Саша больше не нашел, что ему и ответить. Сколько раз за последние дни Пит затевал этот разговор, столько же раз и он честно пытался ответить на его одни и те же ли вопросы, то ли требования… Только объяснения его отскакивали от Пита, как горох от стены. Да и сейчас не стоило отвечать, наверное, — все равно он его не услышит. Не услышит и не поймет, что никто никого не может сделать ни счастливым, ни несчастным. Не в его это власти. Потому что каждый сам по себе, изнутри уже, либо счастлив, либо нет. А его жена Алиса как раз из тех — из несчастных. Из того типа людей, которые жить просто не могут, если не властвуют над кем-то, в чем бы эта власть ни выражалась. В активной ли о тебе заботе, в сознательной ли игре в кнуты и пряники, в целенаправленном ли убийстве твоей легкой и веселой натуры… Они жить не могут, никого не ломая и не уничтожая. Ласковые Джеки-потрошители, умные Фредди-Крюгеры. Они и не замечают, что сами находятся во власти у собственного желания власти, в жестокой от него зависимости. Что делать — любая зависимость делает человека уязвимым. Особенно когда она зависимостью вовсе не признается. Властолюбец, как алкоголик или наркоман, всегда глух, слеп и обуреваем собственной жаждой, утолить которую не может никогда. И горе тем, кто попадется ему на пути. Особенно горе добрым, нерешительным да от природы характером слабым — они, как мотыльки, сами слетаются к этому огню, с радостью обнажая перед ним свою душу — на, ешь… Но горе и властолюбцу, если вдруг живая, не съеденная и не сломленная еще душа вдруг окажется не такой уж и слабой, выпорхнет прямо из рук и улетит себе на свободу. И страдания к нему приходят тогда адские, ни с одной человеческой мукой не сравнимые. Ненадолго, правда. Мотыльков-то кругом полно. Иной пока разглядит, к какому огню прилетел, уж и крылышки обжег до такой степени, что и летать не может…

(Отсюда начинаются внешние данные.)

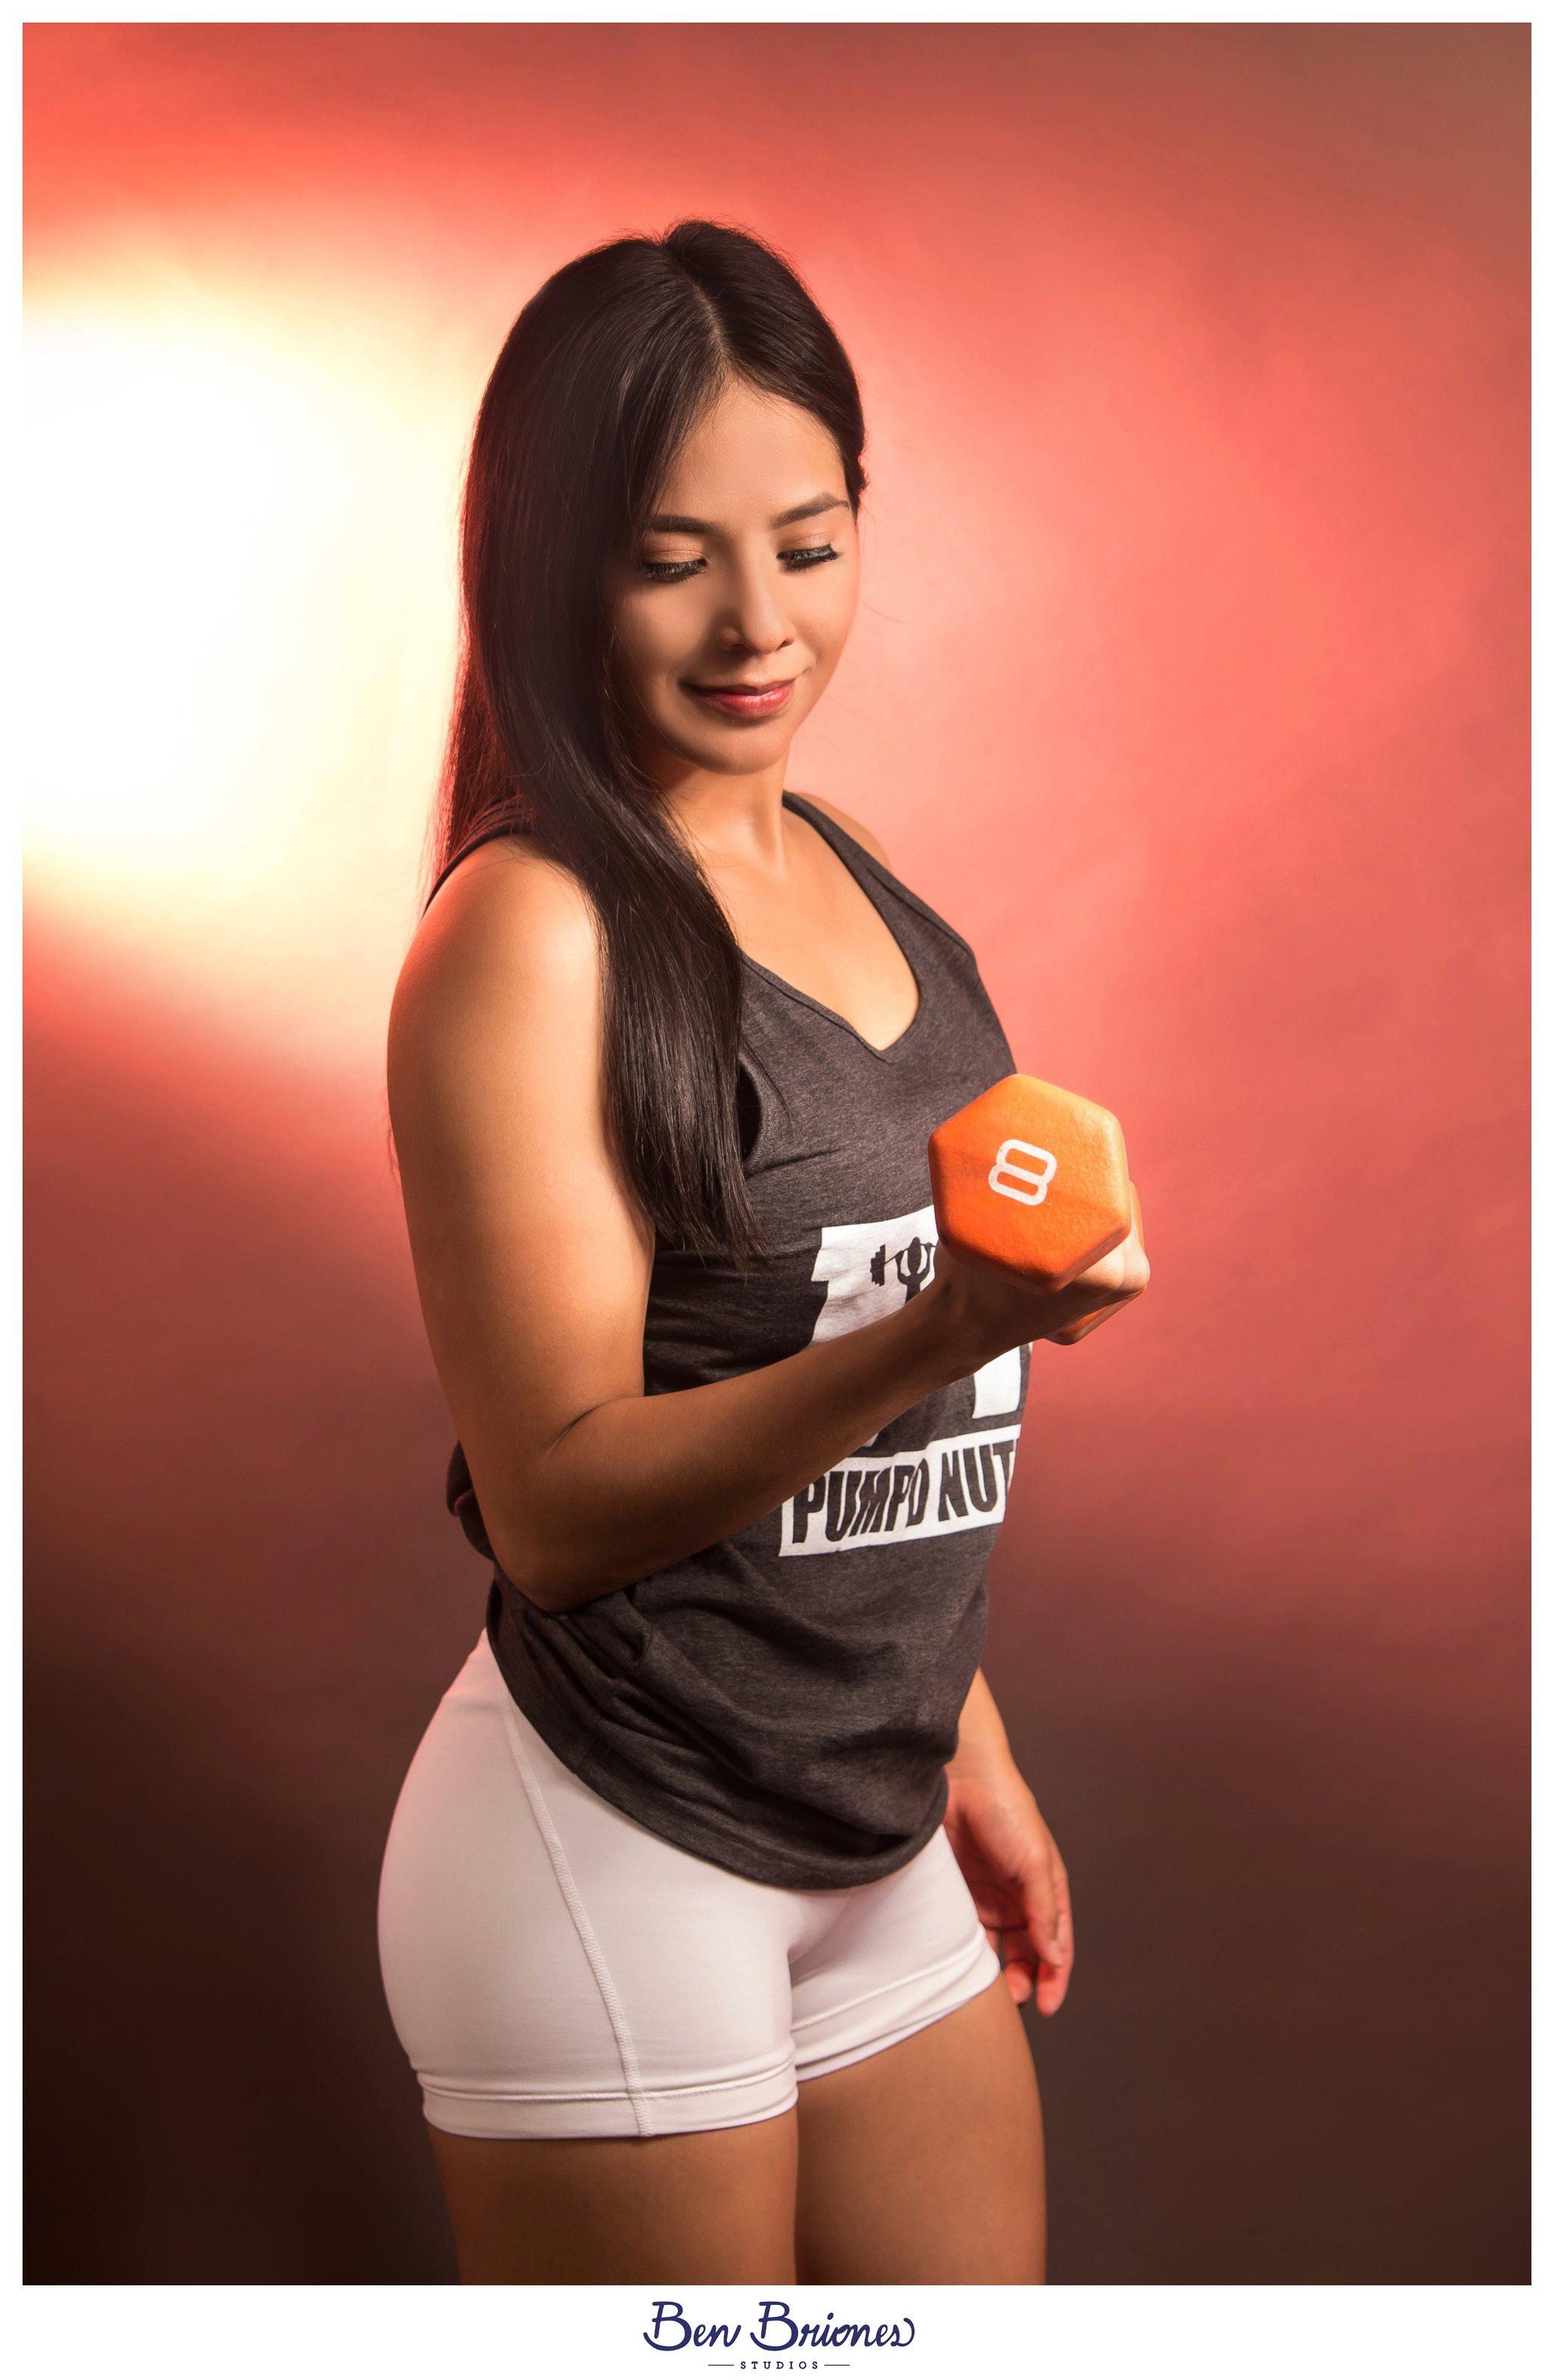 06.03.17_PRINT_Lorena Garcia Portraits_BBS-6272_pp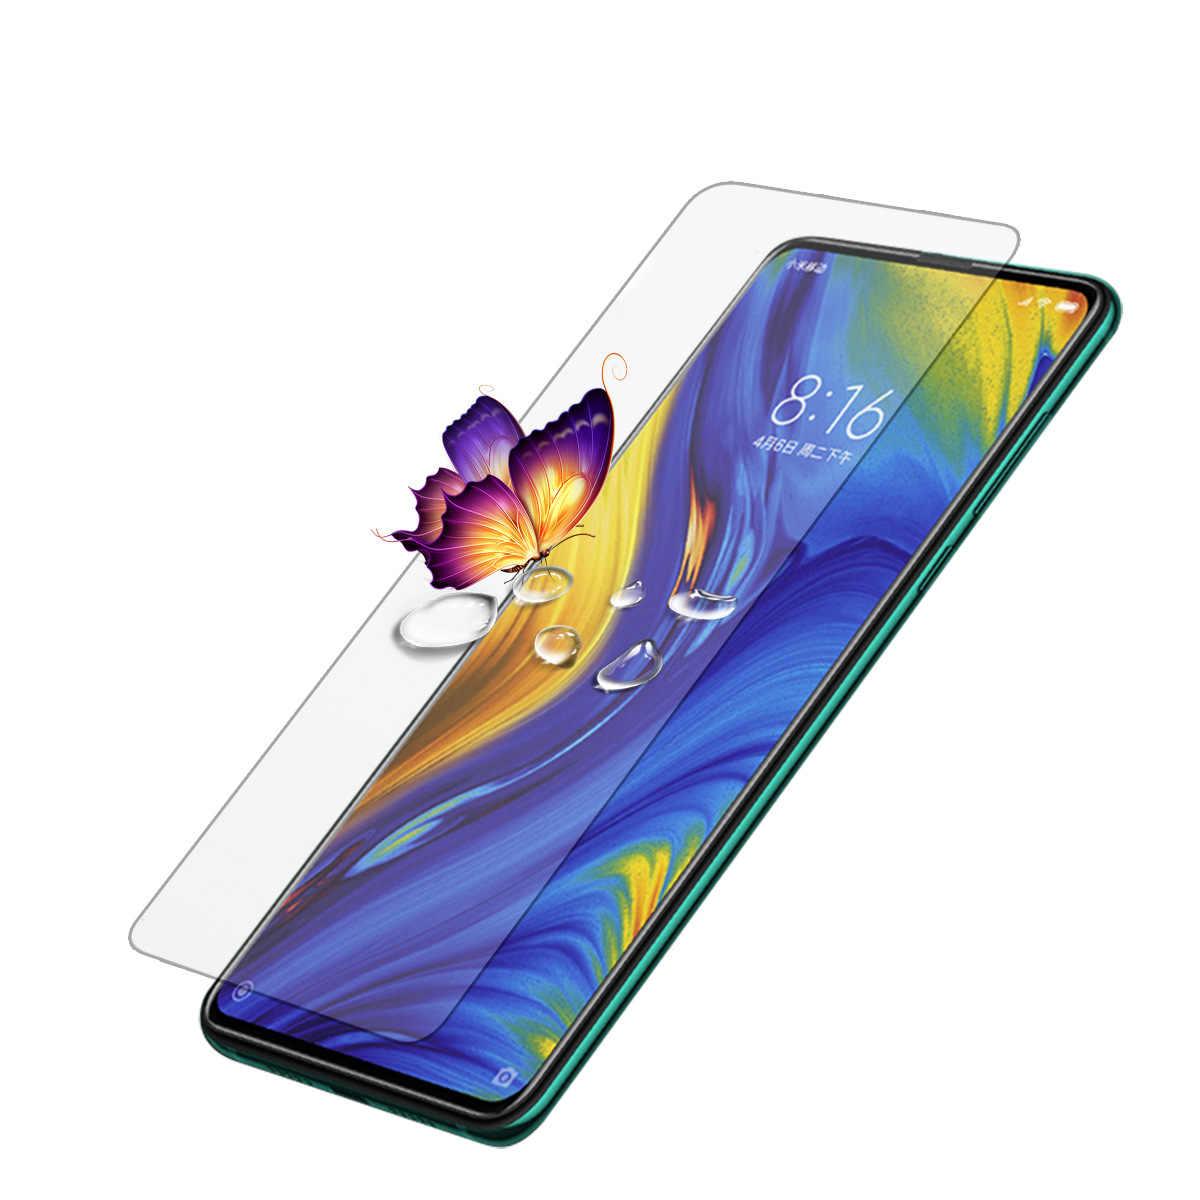 Protector de pantalla de vidrio templado para Xiaomi 9 SE 8 Lite 8Pro A2 Lite película para Redmi 7 6 6A 6Pro Note7 note7 Pro Note6 Pro

Он, слава богу, улететь сумел. Вовремя понял, что сопротивление, семейные бунты-скандалы да спартаковские войны освободительные ни к чему не приведут. С властолюбцем воевать нельзя, это его только раззадоривает. От него бежать надо, резко и сразу. И назад не оборачиваясь. Спасать надо свою шкуру, свою душу, самого себя спасать. И не слушать тех, кто обвиняет тебя в жестокости по отношению к обиженному. Особенно если обижена женщина — вроде как не по-мужски… Не слушать, потому что жажда властного обладания полов не различает. Ей все равно, где жить — в мужчине ли, в женщине…
— … Эй, ты где там? Чего молчишь? — вернул его из раздумий сердитый голос Пита. — Скажи хоть что-нибудь, не молчи. Натворил делов, теперь молчит в тряпочку…
— Я не молчу, Пит. Я же сказал тебе — ничего больше не будет. И можешь обвинять меня во всех мужицких грехах и подлостях. Давай. Даю тебе полный карт-бланш. Но только без меня, ладно?
— Ладно, понял… Но хотя бы свою дурную бабу ты можешь унять, черт бы ее побрал? Чтобы она ни Алисе, ни мне тут нервы не мотала!
— Какую бабу?
— Ну, эту, Надежду твою. И опору. А то она приперлась к Алисе вчера… Ходит, подслушивает, вынюхивает, понимаешь ли… Сегодня утром вот ко мне притащилась, обвинила черт знает в чем…
— А в чем, Пит? В чем она тебя обвинила?
— Да ты не поверишь! В том, что это я деда убил. И доказательства твоей виновности подбросил. Ну, бутылку разбитую, куртку…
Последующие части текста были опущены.